- [PROBLEM] The listing is to be reproduced exactly, excluding its pictures.

━━━━━ SOURCE MATERIAL ━━━━━

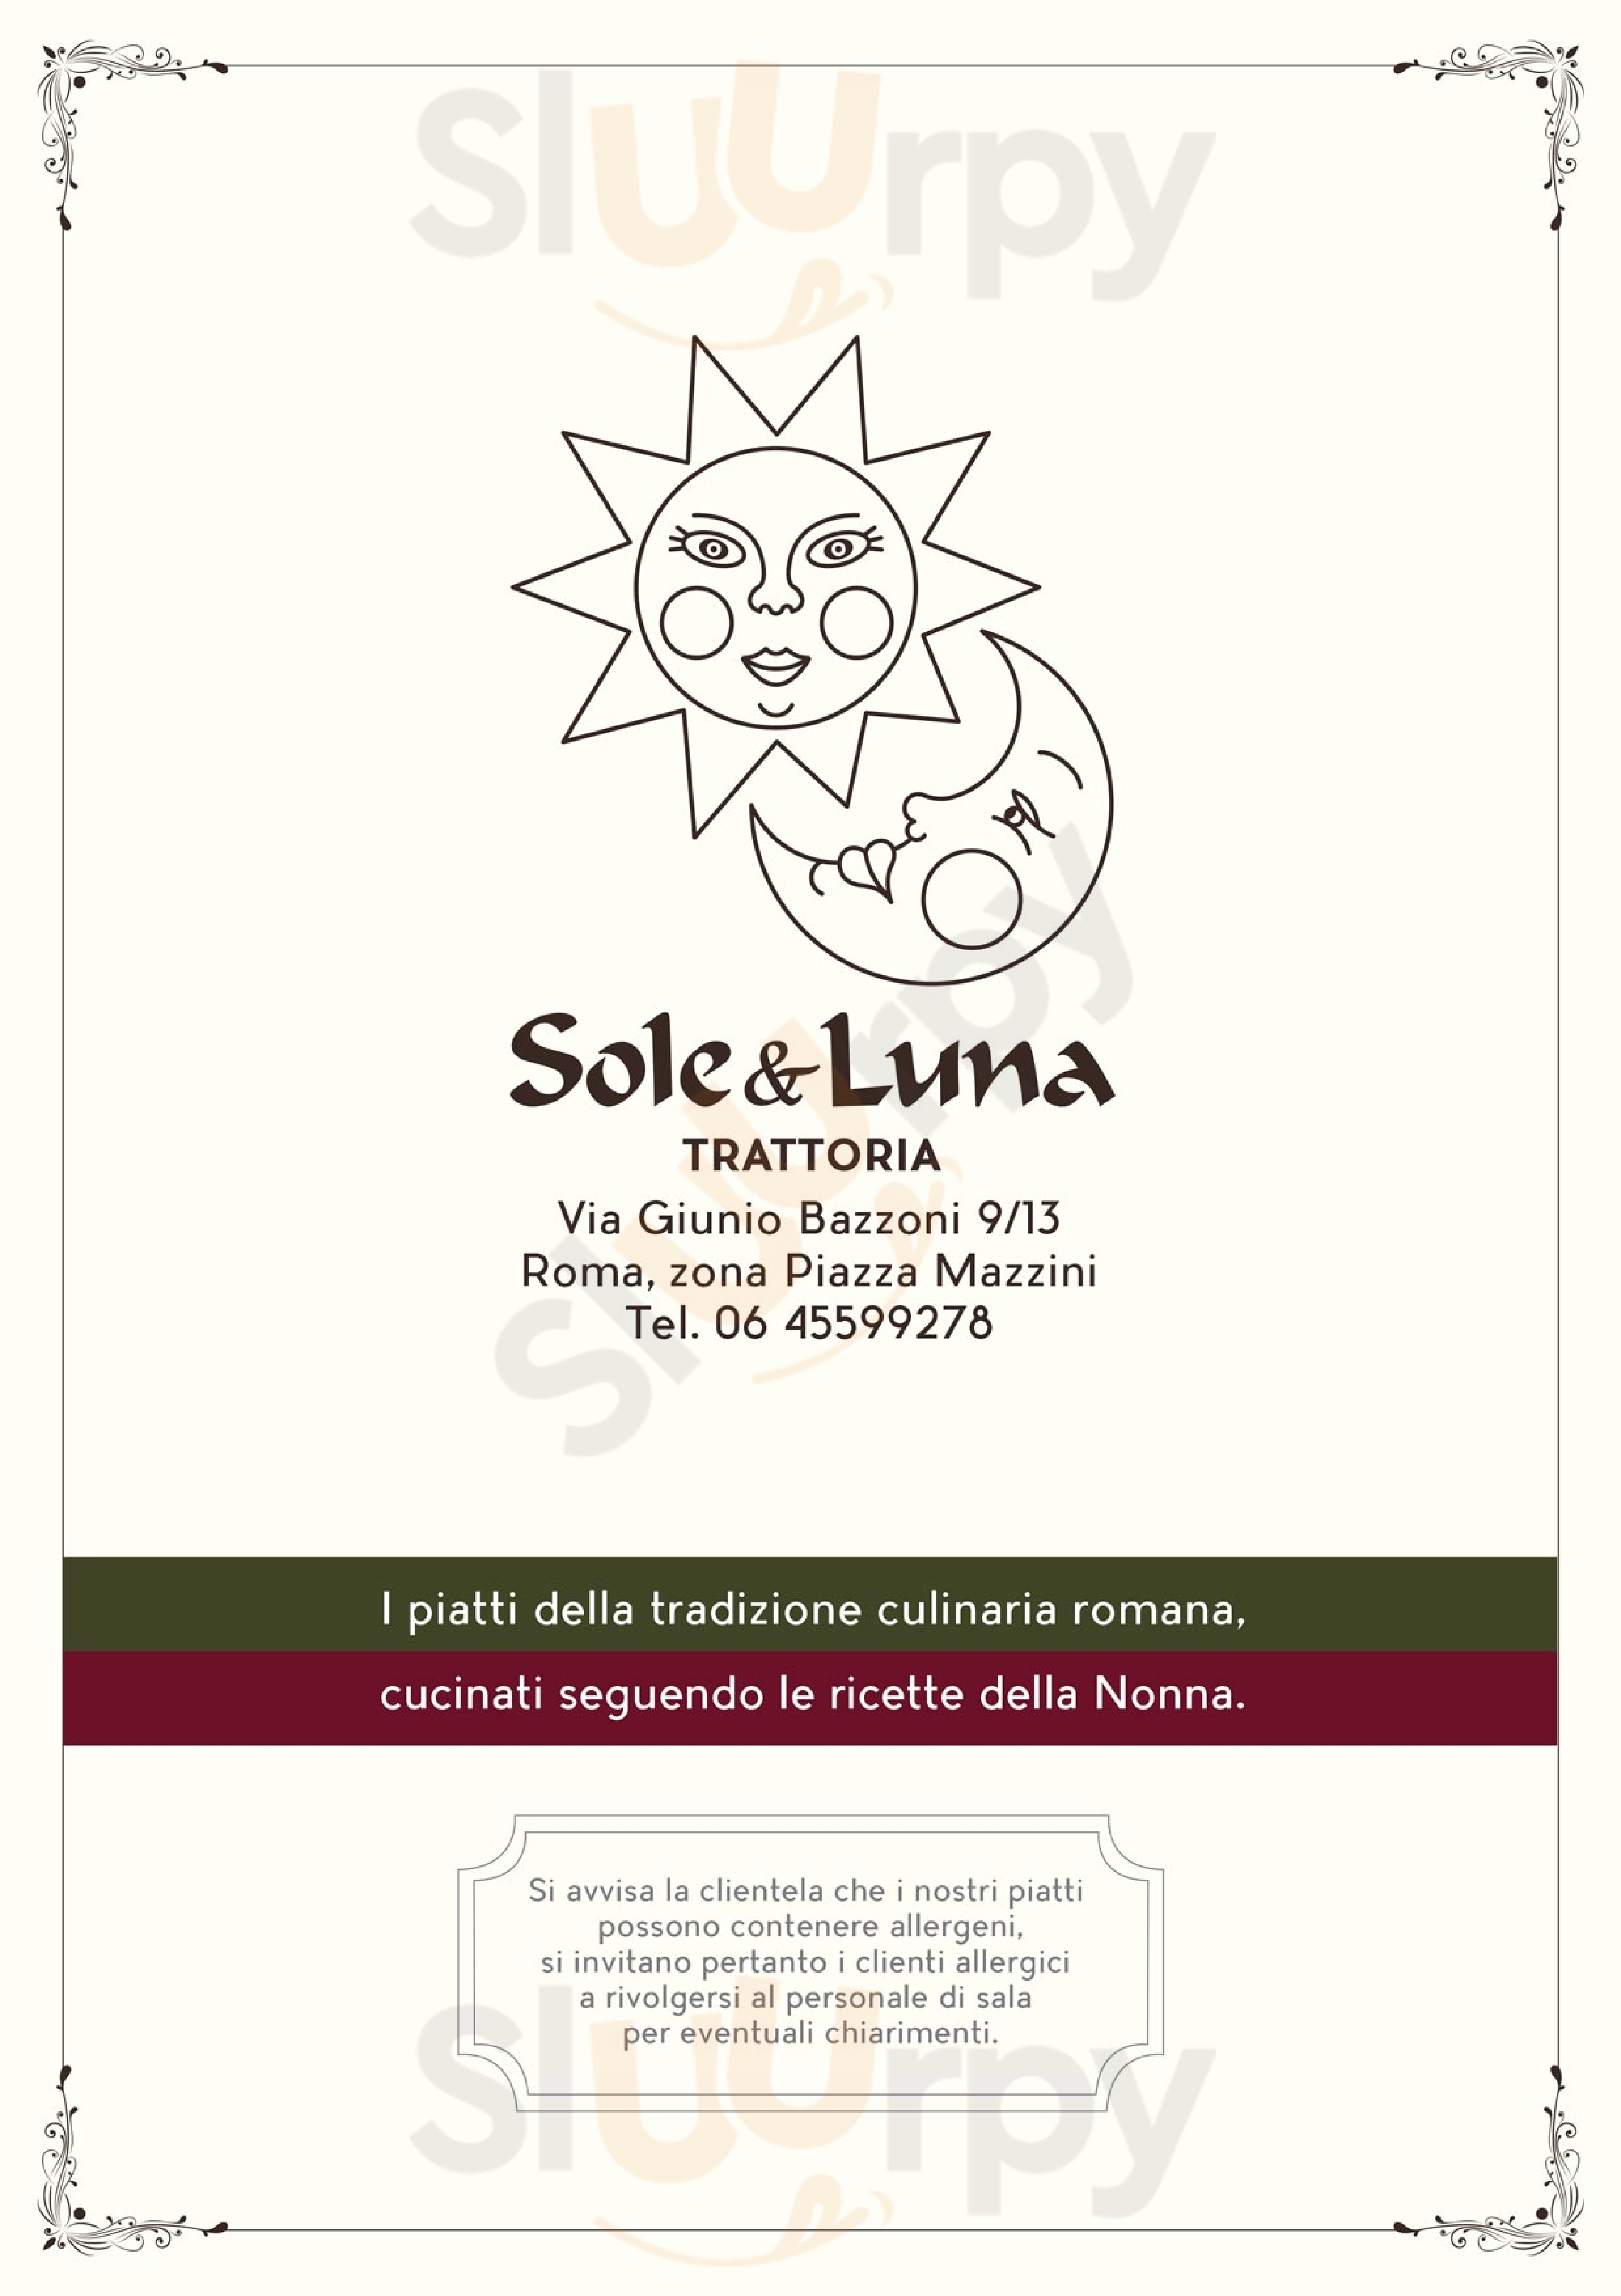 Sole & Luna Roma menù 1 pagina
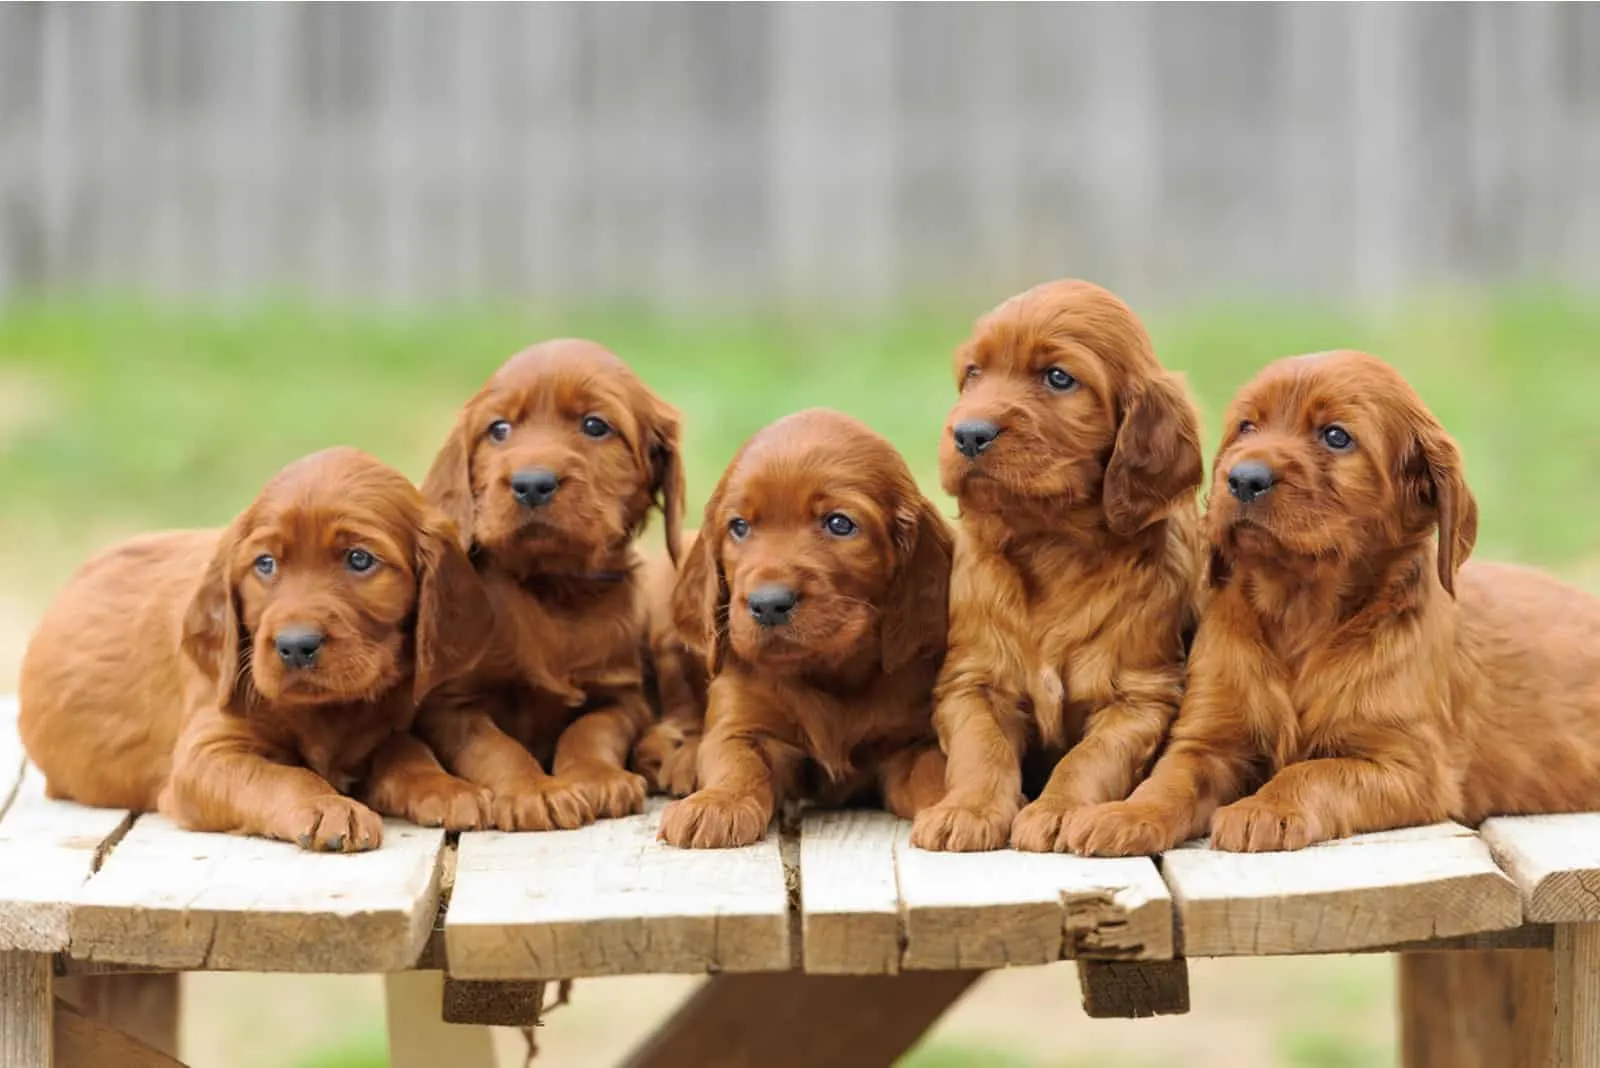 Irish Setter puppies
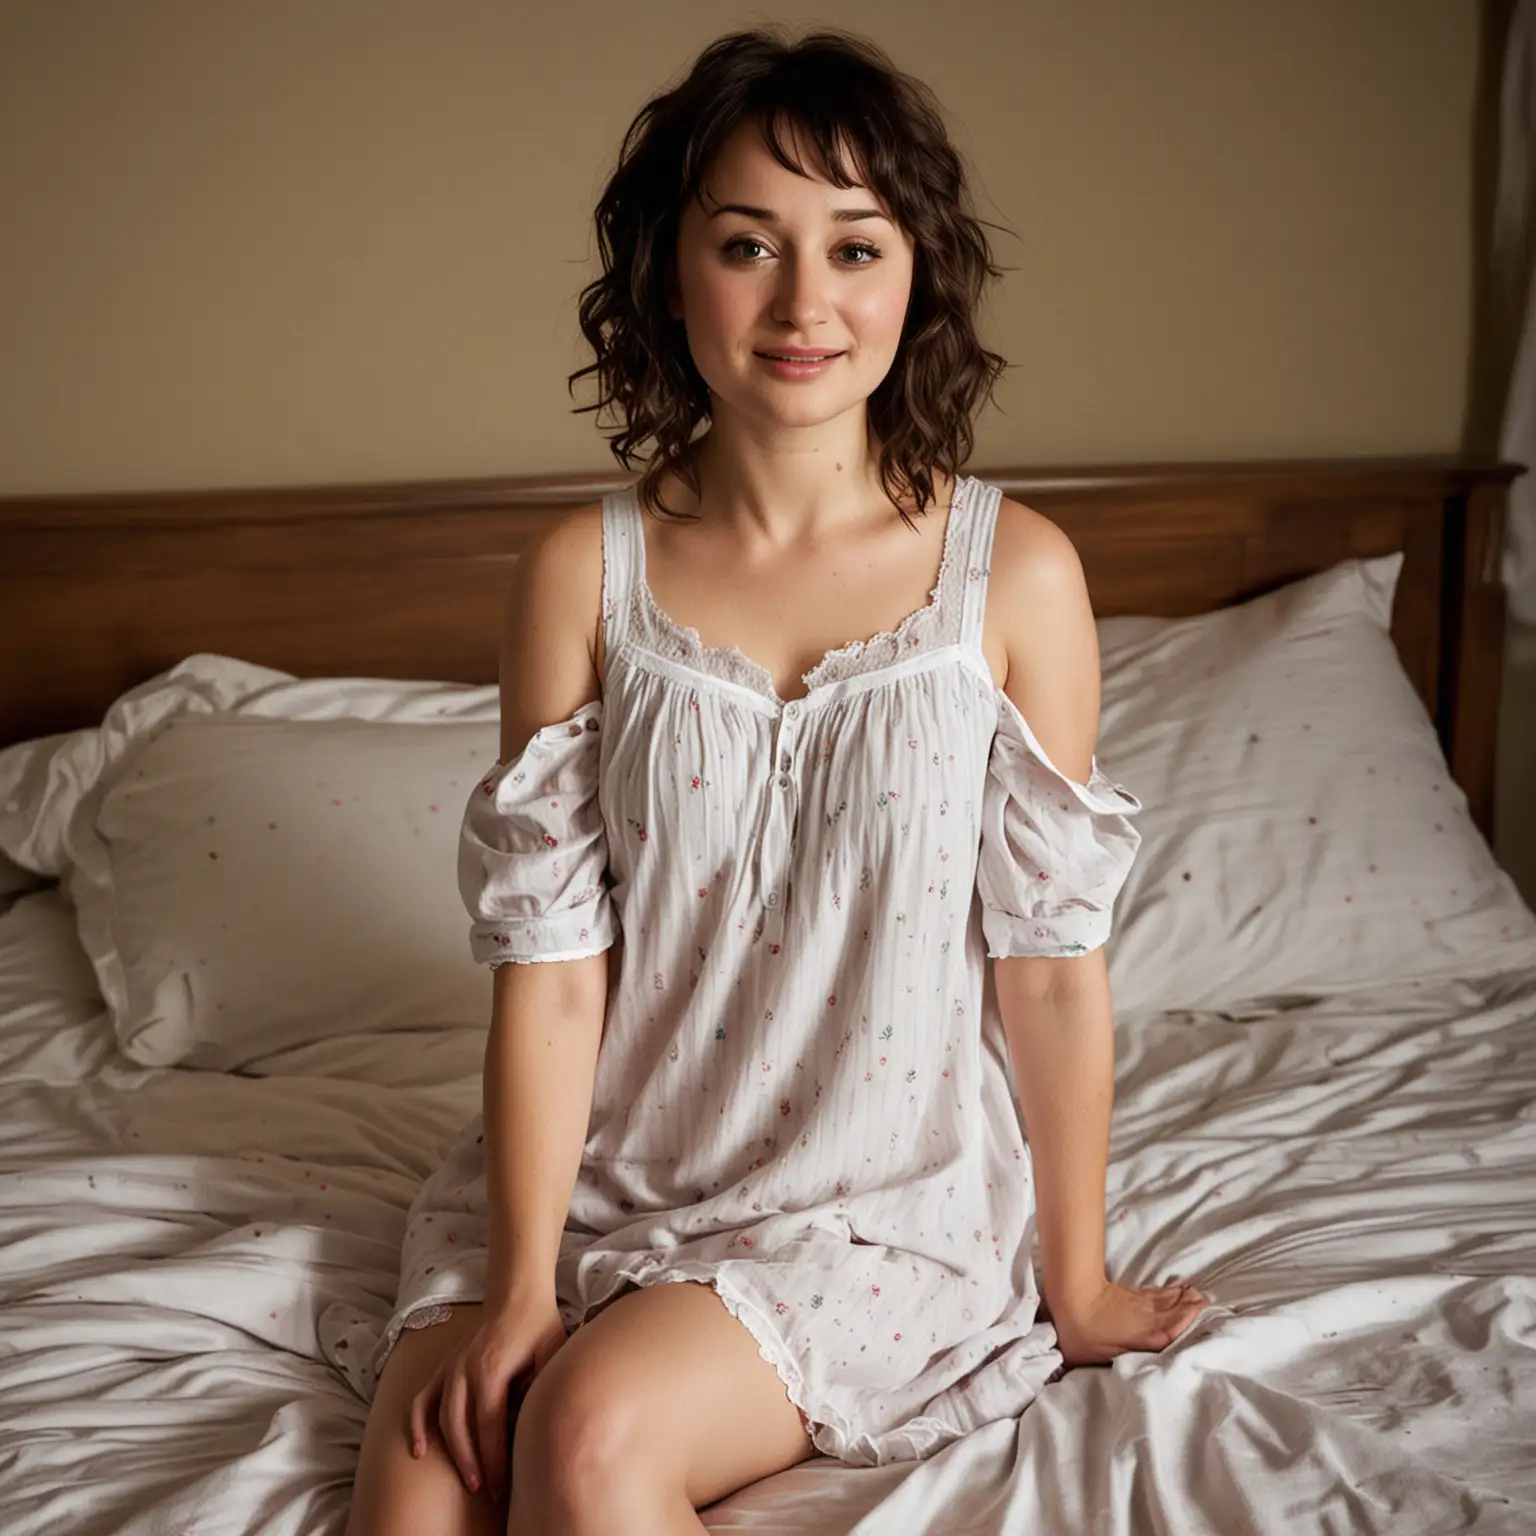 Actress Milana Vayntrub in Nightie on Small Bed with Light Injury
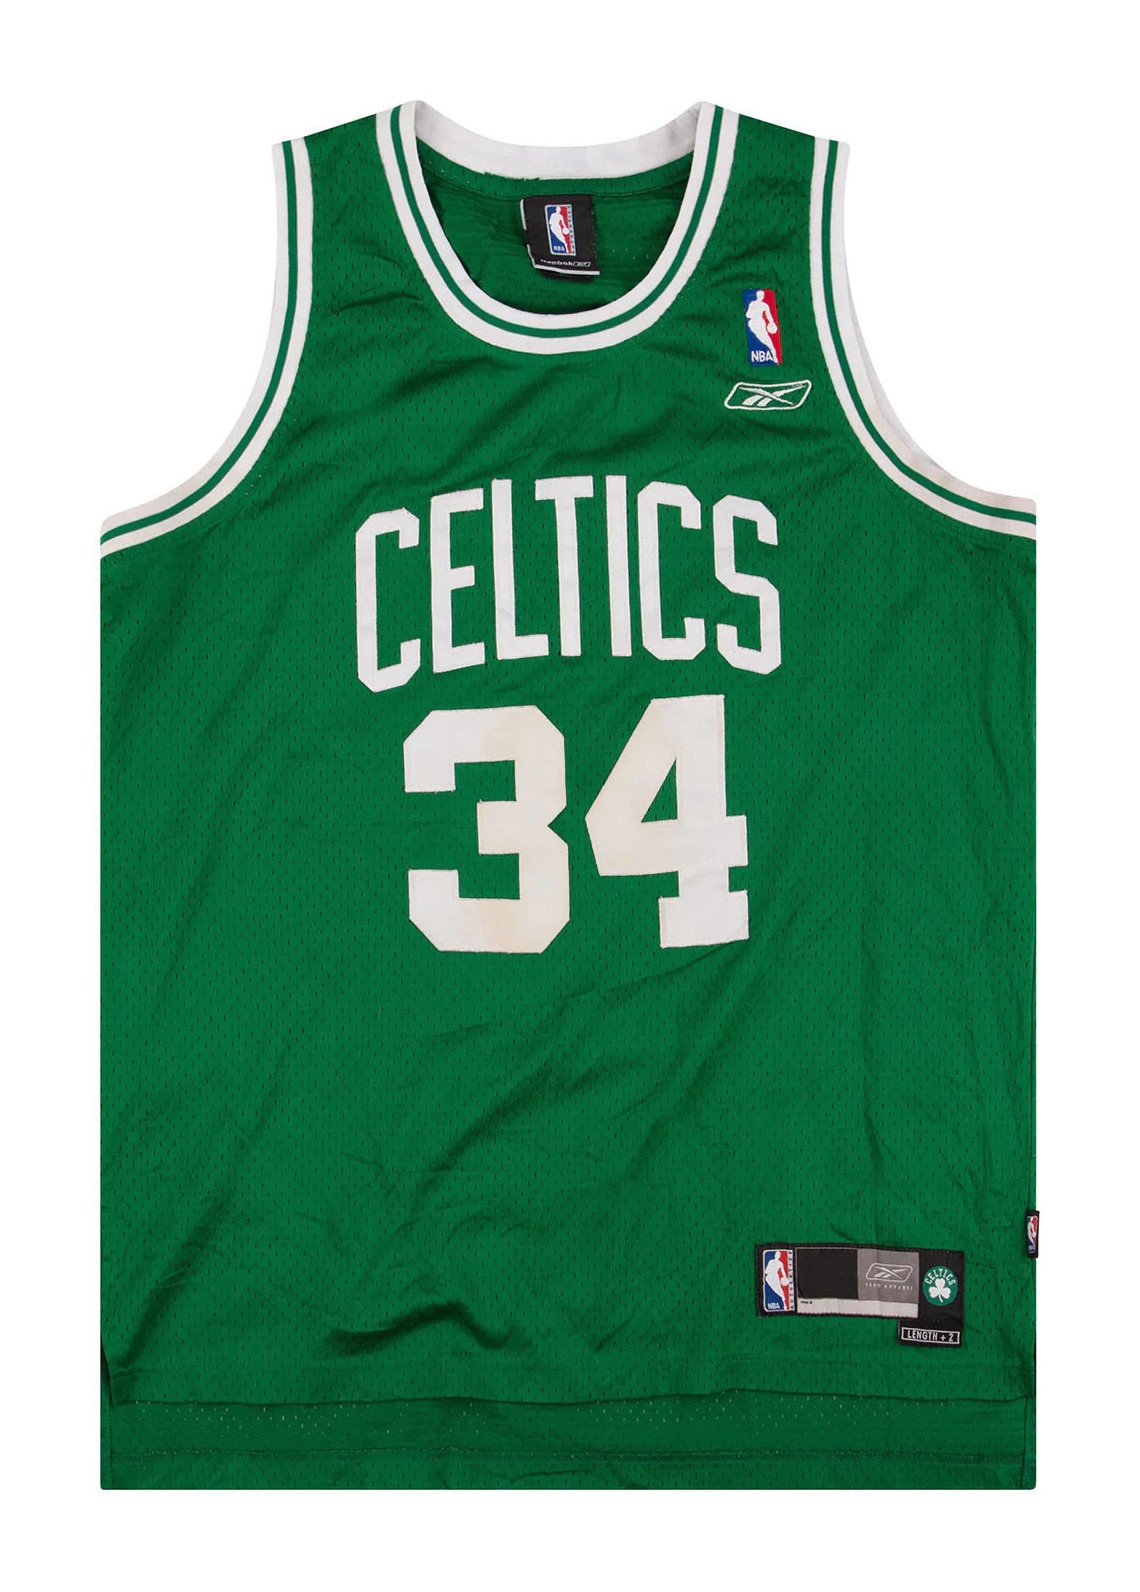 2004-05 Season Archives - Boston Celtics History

━━━━━

- [ANSWER SECTION]
 Sole & Luna Roma menù 1 pagina
 Irish Setter puppies
 Actress Milana Vayntrub in Nightie on Small Bed with Light Injury
 2004-05 Season Archives - Boston Celtics History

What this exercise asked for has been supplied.